Blogging The Bible

OK, So Cain Could Have Had a Wife

I don’t have time for a full entry today—no time to read, much less to write—but I wanted to use your vigorous e-mails to clarify my earlier entries.

Maybe it was unfair for me to call Lot’s daughters Judea’s Hilton sisters. A number of readers wrote in to defend them, pointing out that they may have had sex with their drunk father only because they believed he was the last man on earth—Sodom and Gomorrah had been incinerated, after all—and that humanity would die out unless they had children. Others note a sly in-joke. Lot’s daughters get pregnant as a result of this incest and bear sons named Moab and Ben-Ammi. These boys are described as the forefathers of the Moabites and the Ammonites, two tribes that the Israelites conquered around the time of Kind David. Attributing your enemy’s origin to incest—what a great insult!

Speaking of incest, I guess Cain could have found a wife after all. Lots of readers point out that Genesis 5:4 says that Adam had other children: He “begot sons and daughters.” On the other hand, that means Mrs. Cain was also Cain’s sister.
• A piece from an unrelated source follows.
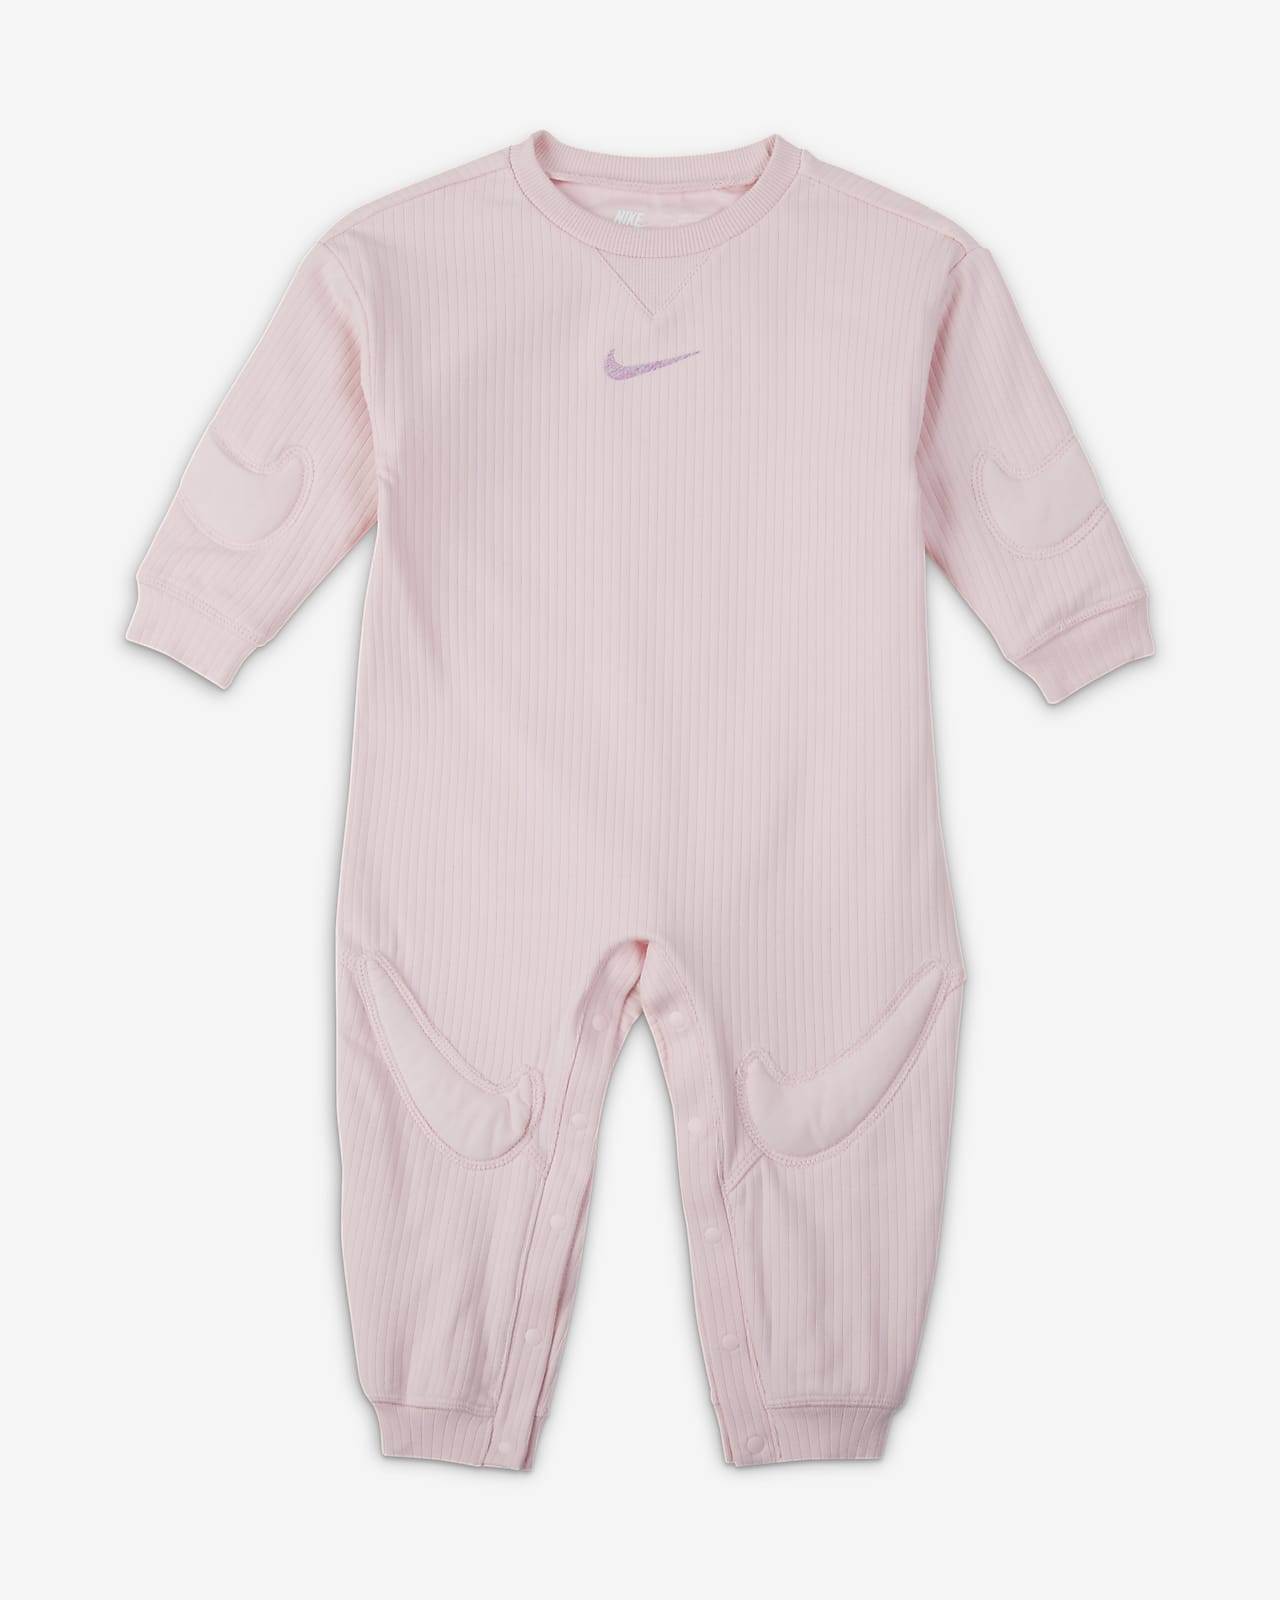 Macacão Nike "Ready, Set" para bebé

There are a number of competing theories about how biblical characters managed to live so long. Most readers propose that the Flood represents some break, because 900-plus-year life spans drop to 100-200 years after the Deluge. Many agree that the shrinking life span is rooted in the distance from Creation—the further from Edenic perfection, the shorter human life. Some readers, who interpret the Bible more literally than I do, posit that there was a “Vapor Canopy” manufactured during Creation that protected Methuselah et al. from disease, radiation, and so forth, allowing their longevity. This canopy was gone after the flood, so we died younger. Other readers note that just before the story of Noah, God says of man: “Let the days allowed him be 120 years,” and after that the millennial life spans vanish, but the patriarchs live extra-long because they are blessed by God. Still others suggest that Israelites had different ideas about how long a year was. The most persuasive explanation, to my mind, comes from reader Alan Zimmerman: “The written Bible, as we know it, was probably composed over a long period of time by numerous people whose interpretations of the oral tradition varied greatly depending on circumstance and point-of-view. One possibility is that during the generations of repeating the stories the ages simply represent the natural tendency of story tellers to embellish the exploits and accomplishments of heroes to outsized proportions. Sarah, perhaps, was 39 years old, but isn’t it a better story, isn’t it more of a miracle, when we read that she got knocked up at 99?”

And finally, in the spirit of equal time: I wrote that the worst moment in Hebron’s recent history came in 1994, when a Jewish settler massacred 29 Palestinians at the Cave of the Patriarchs. Many of you chastised me for neglecting to mention the murder of 67 Hebron Jews by Arabs during anti-Jewish riots in 1929.